_Exercise objective:_
Go through the listing below and output exactly the line with "NEW IN BOX - PULS", the line with "Brass 4 Arm", and each line between; omit the rest.
────
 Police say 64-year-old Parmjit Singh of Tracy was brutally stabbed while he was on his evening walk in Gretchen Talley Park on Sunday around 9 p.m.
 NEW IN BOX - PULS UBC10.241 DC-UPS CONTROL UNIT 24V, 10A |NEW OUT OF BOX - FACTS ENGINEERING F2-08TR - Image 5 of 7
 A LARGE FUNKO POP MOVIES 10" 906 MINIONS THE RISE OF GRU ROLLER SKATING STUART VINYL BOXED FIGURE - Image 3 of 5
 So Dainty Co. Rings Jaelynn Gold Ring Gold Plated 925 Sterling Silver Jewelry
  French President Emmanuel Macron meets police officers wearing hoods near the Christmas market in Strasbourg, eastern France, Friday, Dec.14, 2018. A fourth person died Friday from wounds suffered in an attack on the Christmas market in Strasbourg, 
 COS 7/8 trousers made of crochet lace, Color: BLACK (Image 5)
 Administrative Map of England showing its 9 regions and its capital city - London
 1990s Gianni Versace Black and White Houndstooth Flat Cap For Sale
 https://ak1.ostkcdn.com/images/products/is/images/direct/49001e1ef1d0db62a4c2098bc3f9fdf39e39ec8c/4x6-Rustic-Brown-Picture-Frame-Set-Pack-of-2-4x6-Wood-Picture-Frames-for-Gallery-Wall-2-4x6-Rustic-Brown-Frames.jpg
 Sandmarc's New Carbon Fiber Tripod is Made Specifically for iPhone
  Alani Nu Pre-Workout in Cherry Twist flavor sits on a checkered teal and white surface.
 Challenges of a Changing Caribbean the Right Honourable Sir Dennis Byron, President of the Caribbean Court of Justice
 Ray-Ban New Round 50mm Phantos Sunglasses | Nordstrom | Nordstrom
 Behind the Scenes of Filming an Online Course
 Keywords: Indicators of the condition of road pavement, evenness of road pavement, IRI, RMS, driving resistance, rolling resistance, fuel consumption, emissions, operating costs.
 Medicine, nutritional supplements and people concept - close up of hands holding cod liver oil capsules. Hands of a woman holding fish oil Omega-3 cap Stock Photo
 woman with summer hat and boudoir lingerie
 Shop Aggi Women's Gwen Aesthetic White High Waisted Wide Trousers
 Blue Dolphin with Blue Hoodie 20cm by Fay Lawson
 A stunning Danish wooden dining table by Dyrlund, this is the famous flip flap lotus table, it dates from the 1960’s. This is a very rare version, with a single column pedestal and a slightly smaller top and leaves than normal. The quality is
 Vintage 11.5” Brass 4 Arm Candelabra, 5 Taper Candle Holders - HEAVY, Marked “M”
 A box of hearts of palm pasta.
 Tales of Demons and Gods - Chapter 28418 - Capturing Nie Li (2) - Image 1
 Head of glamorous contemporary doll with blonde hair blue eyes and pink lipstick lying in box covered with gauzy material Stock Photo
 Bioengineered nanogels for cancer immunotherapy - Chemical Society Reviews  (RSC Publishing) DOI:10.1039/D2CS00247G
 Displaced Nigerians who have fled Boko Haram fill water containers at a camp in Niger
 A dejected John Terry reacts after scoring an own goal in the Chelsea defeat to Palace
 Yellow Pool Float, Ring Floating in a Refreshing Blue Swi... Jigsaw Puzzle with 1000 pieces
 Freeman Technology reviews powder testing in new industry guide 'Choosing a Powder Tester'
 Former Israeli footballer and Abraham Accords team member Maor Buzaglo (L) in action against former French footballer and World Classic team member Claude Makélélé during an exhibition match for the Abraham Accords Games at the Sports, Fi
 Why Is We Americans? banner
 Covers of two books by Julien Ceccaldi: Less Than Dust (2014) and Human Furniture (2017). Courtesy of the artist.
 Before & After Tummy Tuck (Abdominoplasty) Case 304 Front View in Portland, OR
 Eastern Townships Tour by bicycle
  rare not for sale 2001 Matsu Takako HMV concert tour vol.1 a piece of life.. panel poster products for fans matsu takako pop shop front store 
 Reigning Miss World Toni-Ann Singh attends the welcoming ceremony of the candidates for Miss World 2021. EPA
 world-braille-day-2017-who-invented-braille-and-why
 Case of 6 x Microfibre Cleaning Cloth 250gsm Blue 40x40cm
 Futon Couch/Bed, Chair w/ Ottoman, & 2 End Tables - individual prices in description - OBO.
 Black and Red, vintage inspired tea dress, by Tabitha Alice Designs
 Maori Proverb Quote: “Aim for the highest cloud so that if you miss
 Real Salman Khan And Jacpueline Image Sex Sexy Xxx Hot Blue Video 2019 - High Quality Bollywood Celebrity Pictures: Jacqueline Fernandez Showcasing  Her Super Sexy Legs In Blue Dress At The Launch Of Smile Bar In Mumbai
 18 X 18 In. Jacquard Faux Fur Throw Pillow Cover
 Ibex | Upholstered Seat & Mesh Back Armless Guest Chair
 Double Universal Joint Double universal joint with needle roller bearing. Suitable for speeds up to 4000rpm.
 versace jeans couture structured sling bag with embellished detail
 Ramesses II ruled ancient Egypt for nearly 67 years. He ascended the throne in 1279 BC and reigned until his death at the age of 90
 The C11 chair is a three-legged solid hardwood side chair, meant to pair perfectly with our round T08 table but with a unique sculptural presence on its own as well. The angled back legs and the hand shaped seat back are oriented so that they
────
_Task solution:_
 NEW IN BOX - PULS UBC10.241 DC-UPS CONTROL UNIT 24V, 10A |NEW OUT OF BOX - FACTS ENGINEERING F2-08TR - Image 5 of 7
 A LARGE FUNKO POP MOVIES 10" 906 MINIONS THE RISE OF GRU ROLLER SKATING STUART VINYL BOXED FIGURE - Image 3 of 5
 So Dainty Co. Rings Jaelynn Gold Ring Gold Plated 925 Sterling Silver Jewelry
  French President Emmanuel Macron meets police officers wearing hoods near the Christmas market in Strasbourg, eastern France, Friday, Dec.14, 2018. A fourth person died Friday from wounds suffered in an attack on the Christmas market in Strasbourg, 
 COS 7/8 trousers made of crochet lace, Color: BLACK (Image 5)
 Administrative Map of England showing its 9 regions and its capital city - London
 1990s Gianni Versace Black and White Houndstooth Flat Cap For Sale
 https://ak1.ostkcdn.com/images/products/is/images/direct/49001e1ef1d0db62a4c2098bc3f9fdf39e39ec8c/4x6-Rustic-Brown-Picture-Frame-Set-Pack-of-2-4x6-Wood-Picture-Frames-for-Gallery-Wall-2-4x6-Rustic-Brown-Frames.jpg
 Sandmarc's New Carbon Fiber Tripod is Made Specifically for iPhone
  Alani Nu Pre-Workout in Cherry Twist flavor sits on a checkered teal and white surface.
 Challenges of a Changing Caribbean the Right Honourable Sir Dennis Byron, President of the Caribbean Court of Justice
 Ray-Ban New Round 50mm Phantos Sunglasses | Nordstrom | Nordstrom
 Behind the Scenes of Filming an Online Course
 Keywords: Indicators of the condition of road pavement, evenness of road pavement, IRI, RMS, driving resistance, rolling resistance, fuel consumption, emissions, operating costs.
 Medicine, nutritional supplements and people concept - close up of hands holding cod liver oil capsules. Hands of a woman holding fish oil Omega-3 cap Stock Photo
 woman with summer hat and boudoir lingerie
 Shop Aggi Women's Gwen Aesthetic White High Waisted Wide Trousers
 Blue Dolphin with Blue Hoodie 20cm by Fay Lawson
 A stunning Danish wooden dining table by Dyrlund, this is the famous flip flap lotus table, it dates from the 1960’s. This is a very rare version, with a single column pedestal and a slightly smaller top and leaves than normal. The quality is
 Vintage 11.5” Brass 4 Arm Candelabra, 5 Taper Candle Holders - HEAVY, Marked “M”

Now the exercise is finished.